New York University biologists have identified genes that prevent physical traits from being affected by environmental changes. The research, which studied the genetic makeup of baker's yeast, appears in the latest issue of the Public Library of Science's journal, PloS Biology.
NYU biologists Mark Siegal, an assistant professor, and Sasha Levy, a post-doctoral fellow, who are part of NYU's Center for Genomics and Systems Biology, conducted the study.
The researchers sought to understand how organisms develop and function reliably, despite experiencing a range of environmental conditions and genetic differences caused by mutations.
"Most species maintain abundant genetic variation and experience a wide range of environmental conditions, yet phenotypic—or physical—differences between individuals are usually small," Siegal explained. "This phenomenon, known as phenotypic robustness, presents an apparent contradiction: if biological systems are so resistant to variation, how do they diverge and adapt through evolutionary time?"

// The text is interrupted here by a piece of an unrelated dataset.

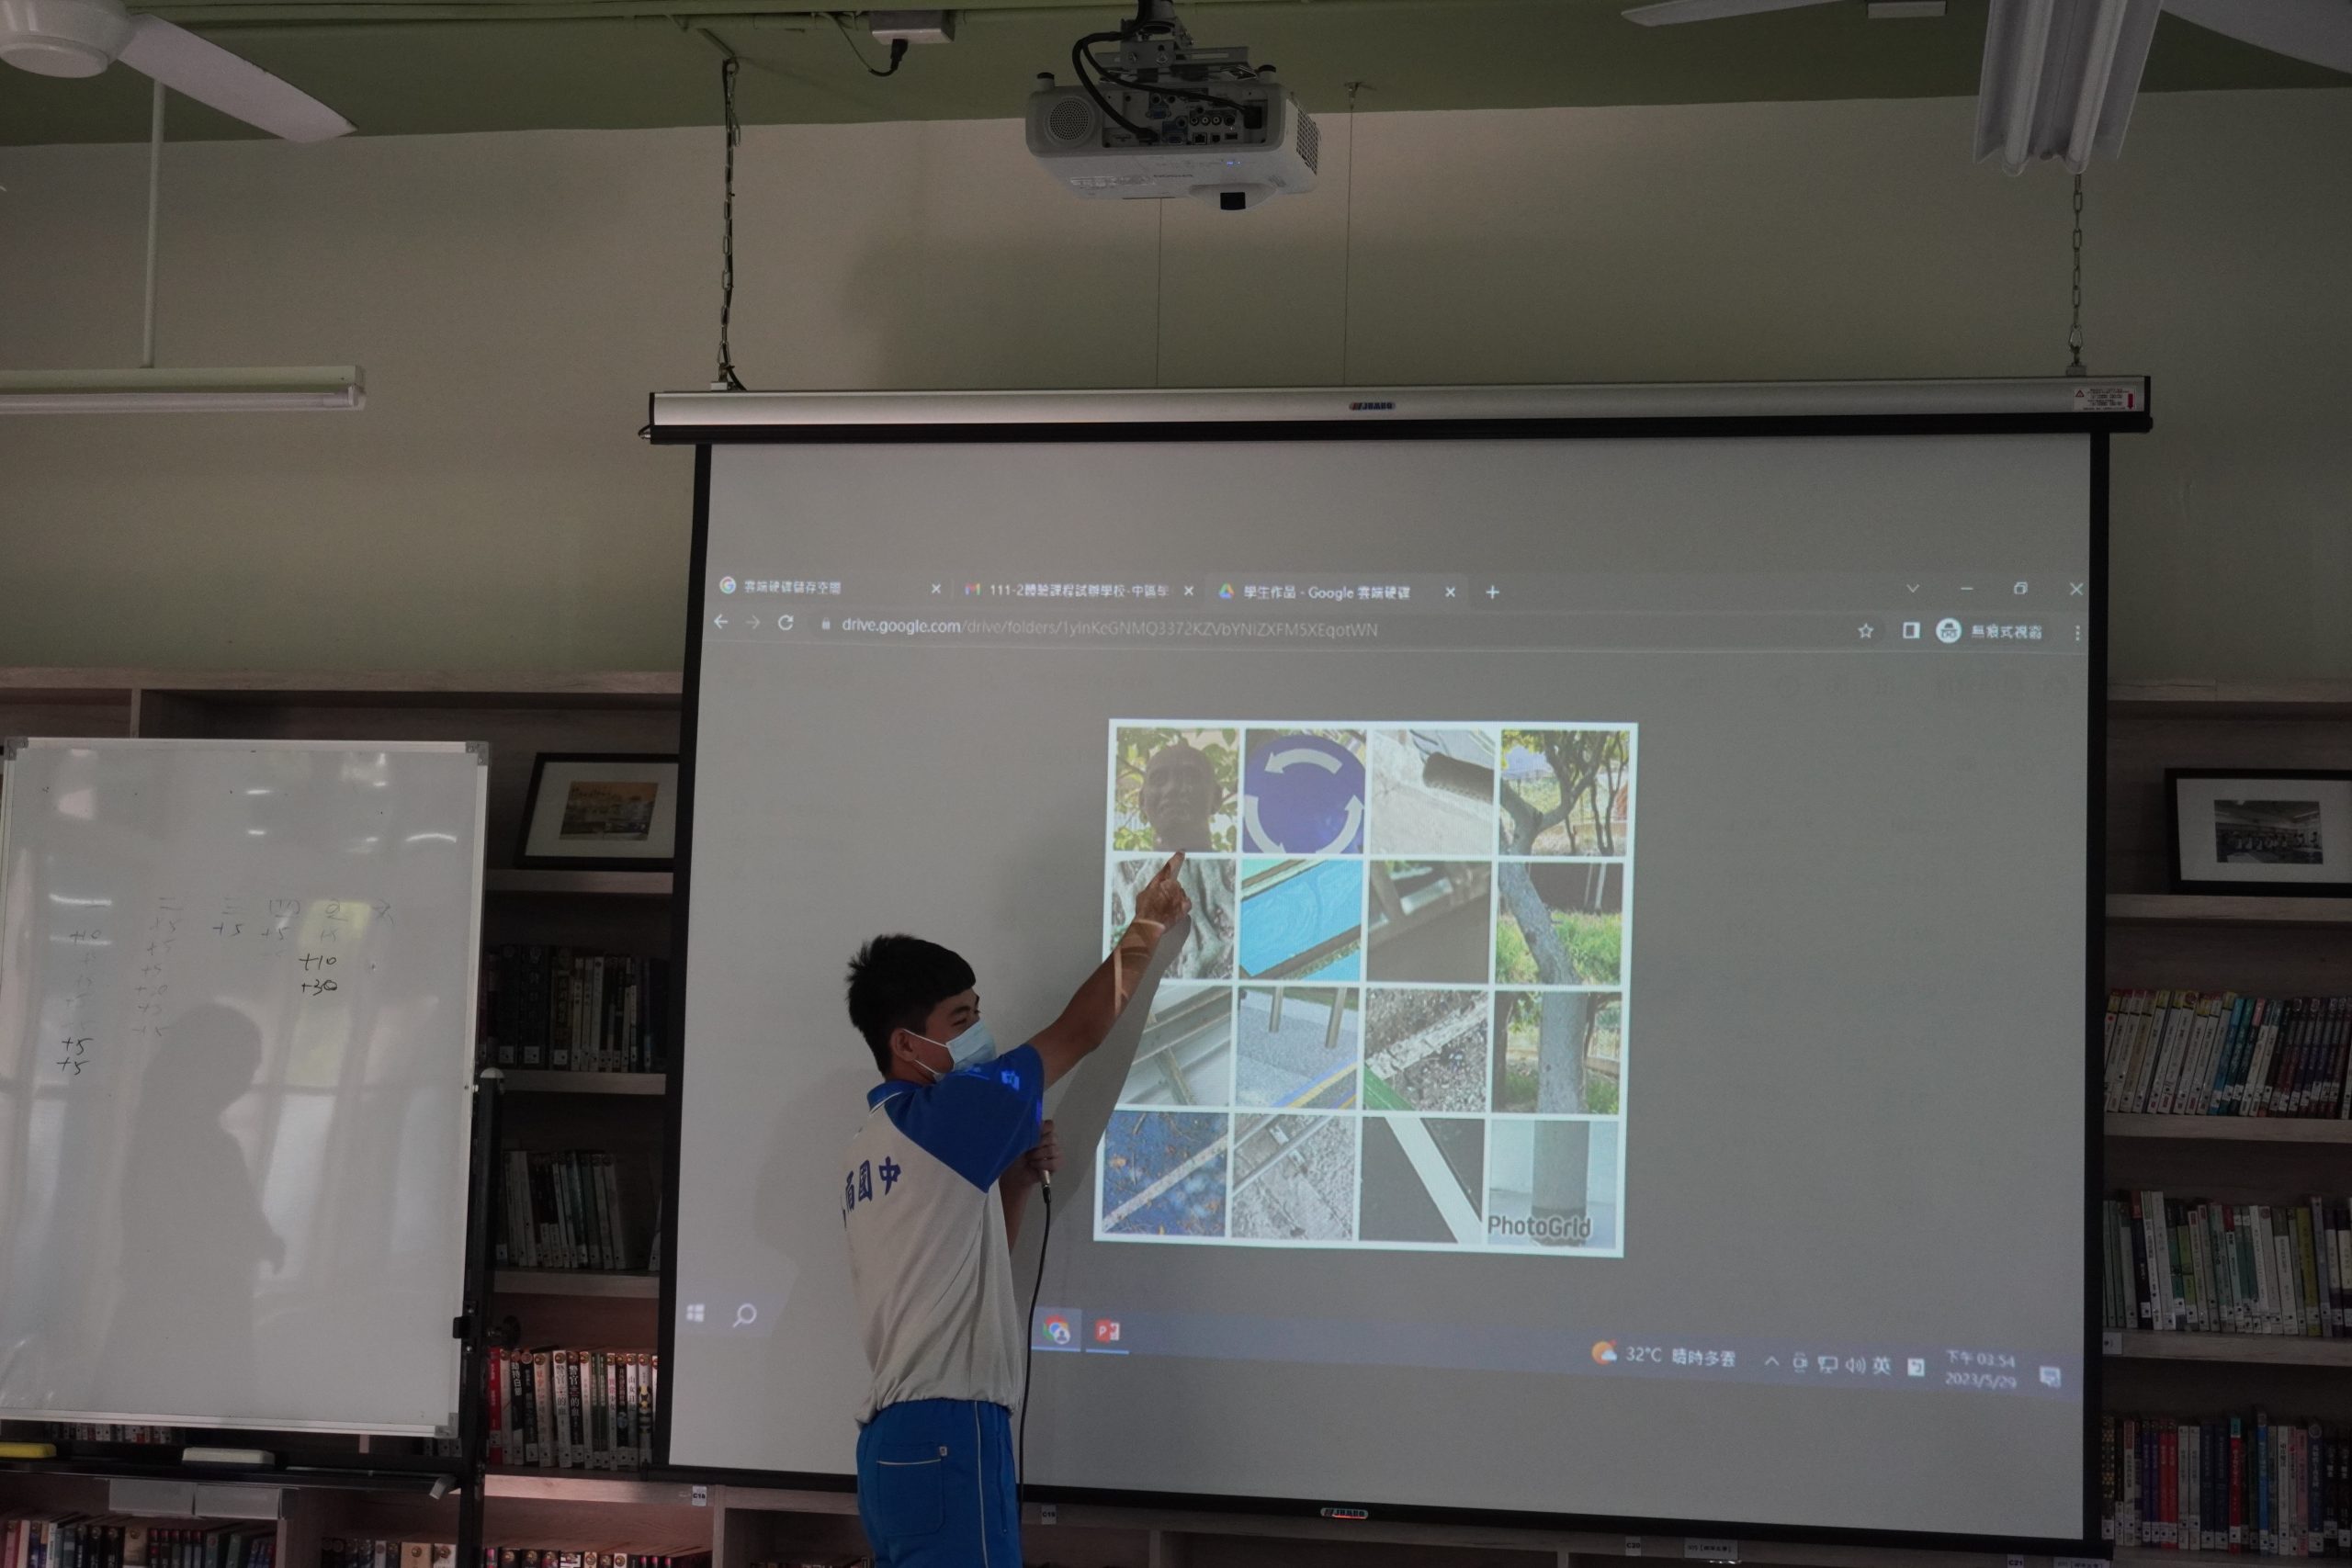 111學年度第二學期於苗栗縣立烏眉國民中學施辦自拍拼圖課程實作紀錄系列照片共21張

To identify genes that buffer environmental and genetic variation, which may influence how novel traits evolve, the researchers examined Saccharomyces cerevisiae, a species of budding yeast. They investigated the molecular mechanisms that underlie its phenotypic robustness and how these mechanisms can be broken to produce differences in physical appearance within the species.
Siegal and Levy sought to identify genes that contribute to phenotypic robustness in yeast by analyzing the differences in their phenotypes in a comprehensive collection of single-gene knockout strains—that is, they removed these genes to determine if the resulting phenotypes were more variable from cell to cell.
They determined that approximately 5 percent of yeast genes, or approximately 300 genes, break phenotypic robustness when knocked out. These genes tend to interact genetically with a large number of other genes, and their products tend to interact physically with a large number of other gene products. When they are absent, the cellular networks built from their interactions are disrupted and physical differences in the species result. In nature, the researchers hypothesized, some individuals might then have physical features that yield an advantage over the others.
"If so, the loss of phenotypic robustness could actually serve an adaptive role during evolution," Siegal explained.
The research was supported by a National Science Foundation (NSF) Career Award, which Siegal received in 2007.